Professor of Film and Television Studies and former Acting Head of the Film and Television Department at Tel Aviv University. He received his PhD from the Cinema Studies Dept. at New York University. Nitzan has published extensively on film, television and new media in leading journals and has written several books including Film: The Key Concepts (Berg, 2007), Hyper-narrative Interactive Cinema: Problems and Solutions (Rodopi, 2008), and Cinema of Choice: Optional Thinking and Narrative Movies (Berghahn, 2012). He has received grants to carry out research projects related to the effects of computerization on film and television and was the co-creator and director of Turbulence (2009), a hyper-narrative interactive movie based on a novel model he developed. See Nitzan’s interview with UCSD senior Emilyn L. Edquilang.


Artist Interview

1. Why did you want to be a part of Filmatic Festival?

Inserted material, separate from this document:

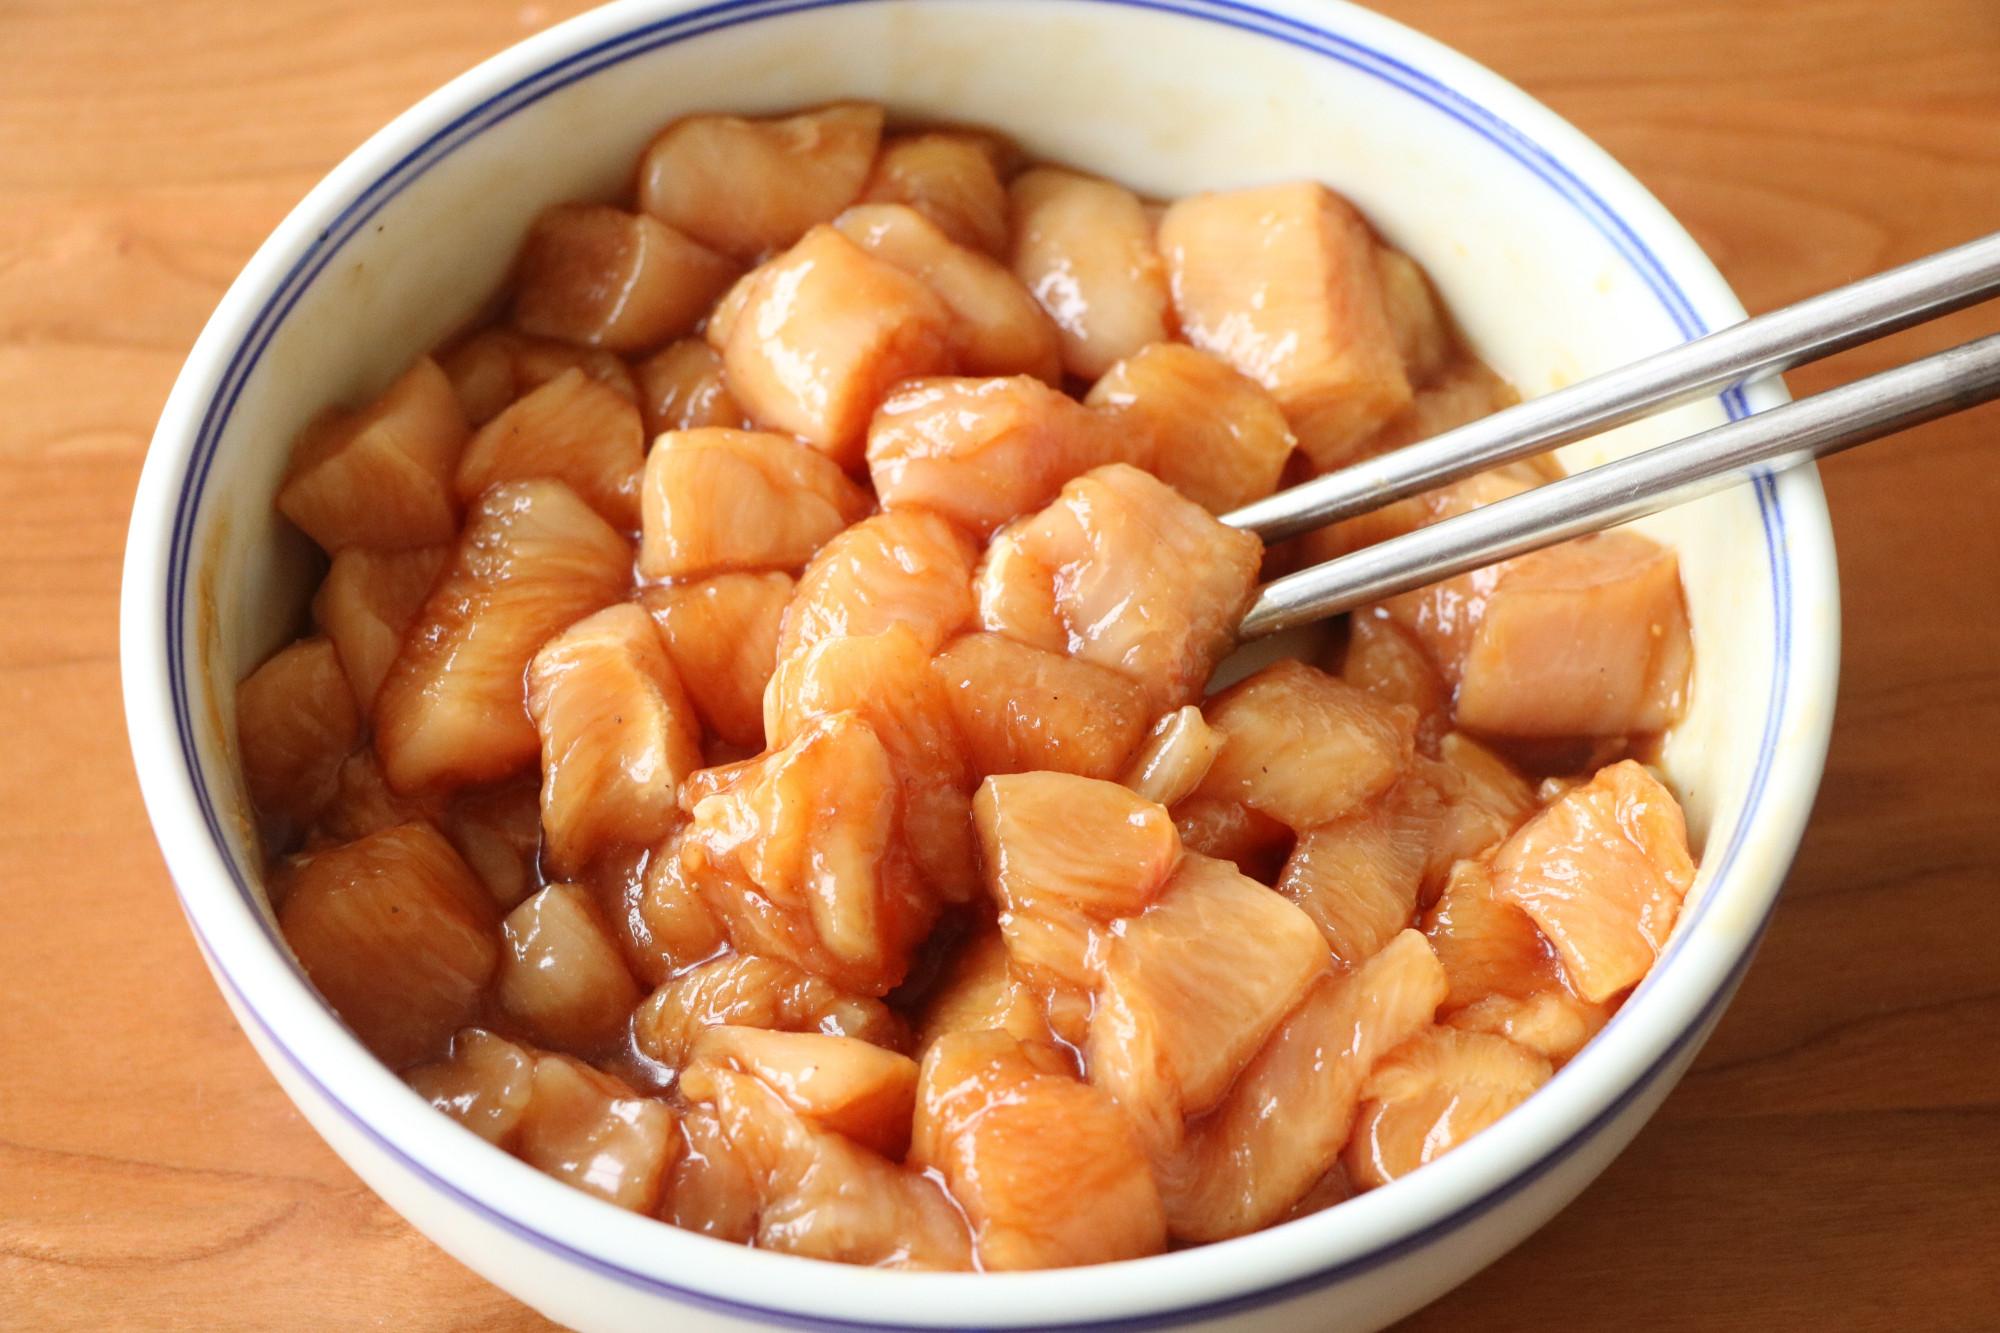 鸡胸肉还可以这样吃,既当零食又当菜,咬一口嘎嘣脆,解馋更美味

Because the Filmatic festival is a perfect fit for our interactive movie since one of its major goals specifically concerns the future of film going and film watching. While there are events focused on new media works, these are usually propelled by what can be described as mathematical rather than dramatic-narrative thinking. Our main concern is to enhance through interaction (rather than destroy) the cognitive-affective power of non-interactive movies, while encouraging in viewsers an optional thinking state of mind and a sense of choice stemming from the bifurcation of the narrative at dramatic interactive crossroads. We believe this could and should become one of the major film futures. The Filmatic festival is a unique event that could foster and help popularize this new film-form. It will also be an opportunity for us to see what is the state of the art.

2. What themes do you explore in your work?

A major formal-structural theme concerns the effects of interaction on depth of cognitive-psychological engagement with flowing audiovisual dramatic-narrative films. A major thematic concern of the interactive movie “Turbulence” is the power of love to propel a sense of free choice and indeterminism in life.

3. Who inspires you?

Akira Kurosawa’s film “Rashomon”; The cognitive-psychological theories of Arie Kruglanski, Edward Lorenz’s chaos theory, Niall Ferguson’s “Virtual History: Alternatives and Counterfactuals”.

4. What advice can you give to aspiring artists?

Exchange the traditional notion of a narrative’s strict and necessary composition and causality with that of compositional and narrative probability and indeterminism.

5. What are you listening to? …watching? …reading?

I often listen to Bob Dylan and Jazz music, I like watching complex narrative movies such as Tom Twyker’s “Run Lola Run” or Peter Howitt’s “Sliding Doors”, but also contemporary TV series that have attained a high level of artistic merit and narrative complexity as the Swedish-Danish TV series “The Bridge” (not the American version though). I am currently re-reading Jorge Luis Borges’ “The Garden of Forking Paths”.

6. If you could have one drink with one person, who would it be and what would you two be drinking?

A Bloody Mary with Che Guevara.

7. “Where is the future of digital media heading?”

Digital media has many possible futures. I would like it to forward “glocalized” artistic sensibilities, a personal and communal sense of choice and the notion that we can change and shape our future as individuals and as collectives.